The threat came even as the army came under fire from human rights advocates and Sunni political figures after amateur video surfaced that appeared to show soldiers beating an unarmed detainee. The army also is being accused in the death of another detainee, who was being questioned after his arrest during the two-day siege of a mosque complex occupied by followers of Sheikh Ahmad al Assir.

The burgeoning scandal comes on the heels of a violent fight for control of the mosque complex in the southern city of Sidon, which pitted supporters of the vehemently anti-Hezbollah cleric, who also supports the mostly Sunni rebels in neighboring Syria, against a combined force of Lebanese army commandos and members of Hezbollah’s military wing. At least 40 people were killed – including about 18 soldiers – and scores wounded in the battle.

The cooperation between Hezbollah and the army against a Sunni cleric is particularly sensitive in a country where the army is supposed to be a neutral force among Lebanon’s many sects.

Supporters of Assir demonstrated Friday in Sidon, Beirut and the northern city of Tripoli to protest the military operation against him, Hezbollah’s participation in it and the army’s alleged mistreatment of detainees. Assir remains at large.

Hezbollah’s participation in the Sidon operation was first reported by journalists working for McClatchy and The Times of London who’d witnessed the militant group’s fighters in combat. The Lebanese army energetically denied their reports Monday, but they were confirmed by the broadcast on Lebanese TV of video of apparent Hezbollah fighters conducting military operations.

On Friday the army released a statement that threatened legal action and claimed that the footage and reports were part of a political agenda to discredit it.

“At a time that the Lebanese army was fighting a fierce battle against an armed group that was spreading sedition and meddling with the country’s security . . . a cheap political and media campaign was targeting it,” the statement said.

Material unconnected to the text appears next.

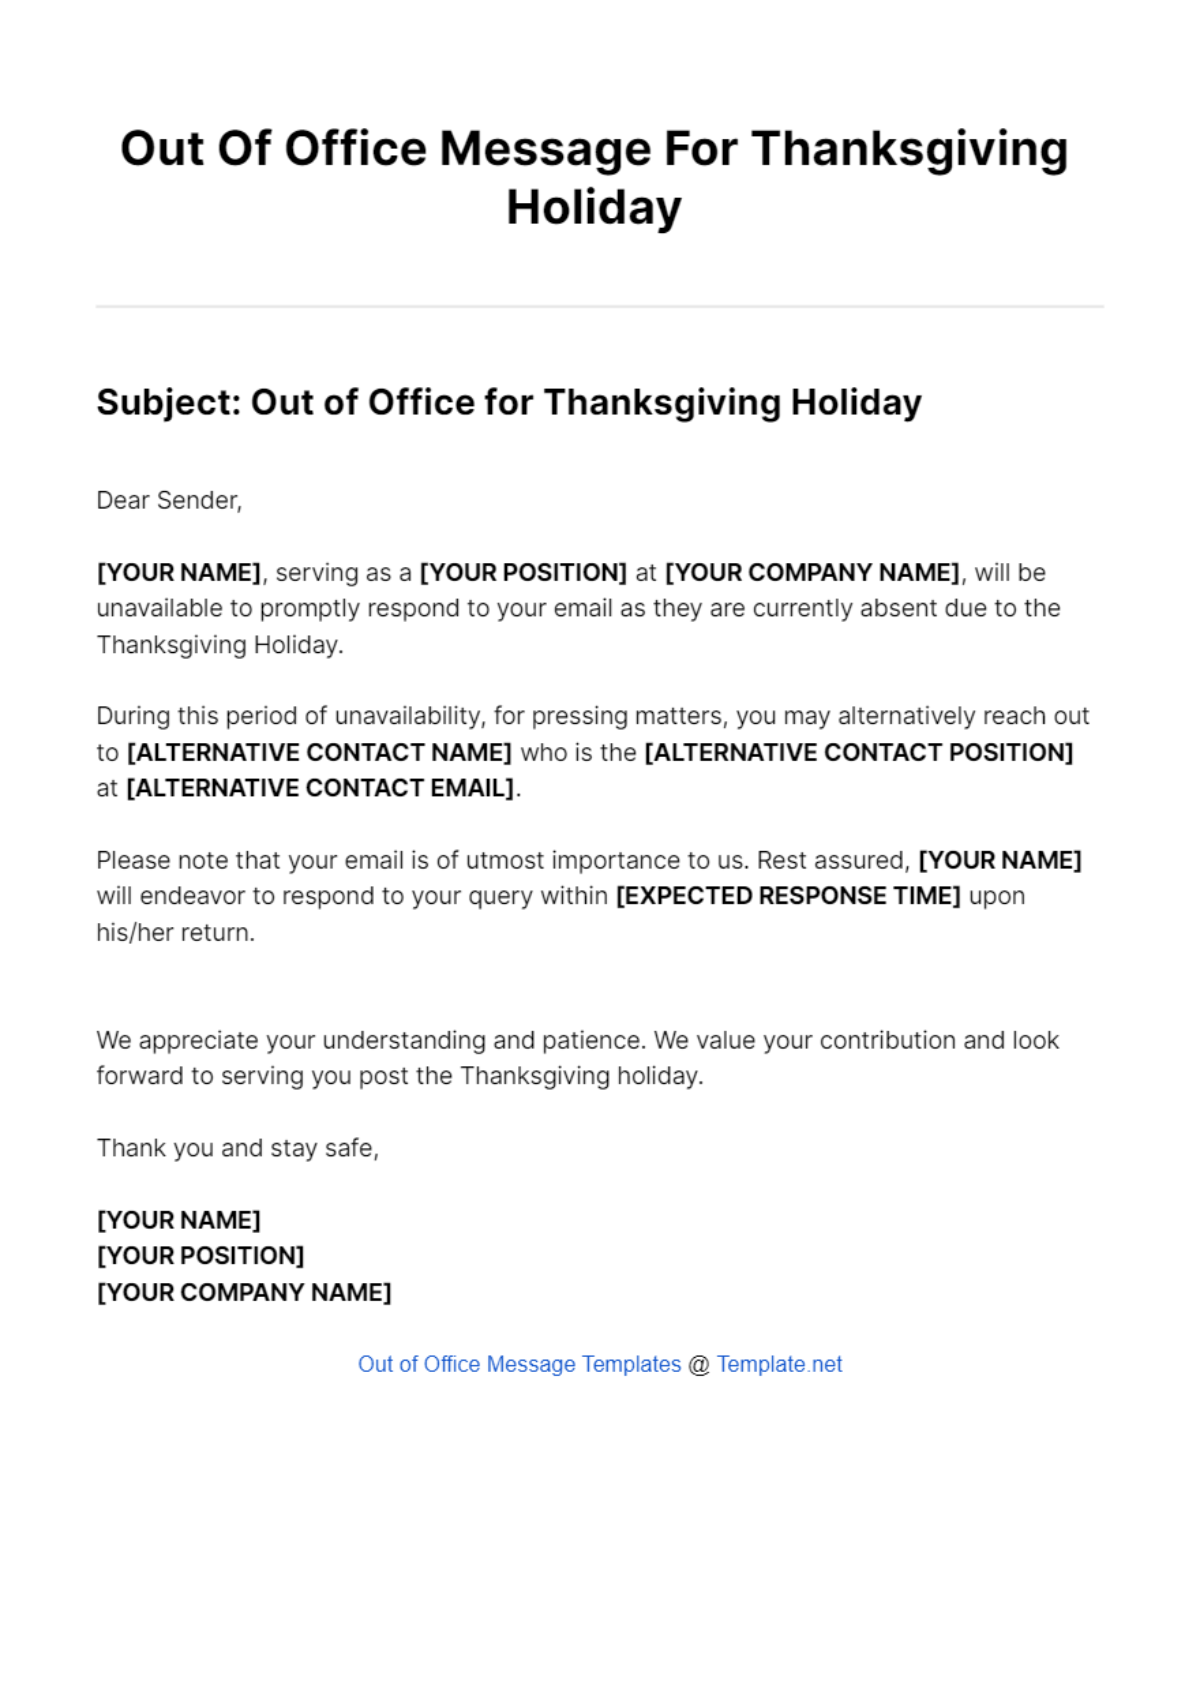 Out Of Office Message For Thanksgiving Holiday Template

An army spokesman didn’t return calls requesting comment but the statement alleged that news reporting and the broadcast videos were false and, in the case of the video, fabricated.

“We have the right to refer the matter to the competent judicial authority,” the statement said.

A group of Sunni clerics from Sidon and a major Sunni political party called for the army to explain its cooperation with Hezbollah.

Samir Kassir Eyes, a Lebanese media watchdog and press freedom organization, said the army’s threat of legal action was at least preferable to the physical attacks that Lebanese journalists frequently face.

“We can read the army’s statement in two ways,” the group said. “If the army is intending to silence journalists and using the threat of legal action as a way to prevent them from conducting further investigation into what happened in Sidon, (we) trust that professional journalists will not stop speaking their mind and conveying to the general public their observations from the field.

“If the army intends, by this statement, to give an example of resorting to the official state institutions and to the judiciary process as a way of resolving disputes peacefully, (we) welcome this institution-oriented mindset that contrasts with the tendency to resort to physical assault on journalists and media professionals, which have become unacceptably too frequent.”

Adding to the controversy was the broadcast of an amateur video clip of what appeared to be Lebanese soldiers beating a man who identified himself as the mosque’s janitor. Another statement from the army command said soldiers suspected of involvement had been referred to military police for investigation.

A member of Parliament from Sidon, Bahia Hariri, also called for the army to investigate the death of a man who’d been captured during the Sidon operation. Nader Bayoumi’s family has alleged that he was tortured. Human rights groups have said they’re investigating.

Prothero is a McClatchy special correspondent. Twitter: @mitchprothero

Read more World Wires stories from the Miami Herald

Pope Francis baptizes 10-year-hold Giorgio Capezzuoli during the Easter vigil service in St. Peter's Basilica, at the Vatican Saturday, April 19, 2014. Pope Francis baptized 10 people Saturday as he presided over an Easter Vigil in St. Peter's Basilica, fulfilling a ritual deep in meaning on the most solemn night of the Catholic calendar. Francis urged the priests, bishops, cardinals and ordinary Catholics gathered for the late night service to remember when they first found their faith. "Do I remember it? Have I forgotten it? Look for it. You'll find it. The Lord is waiting."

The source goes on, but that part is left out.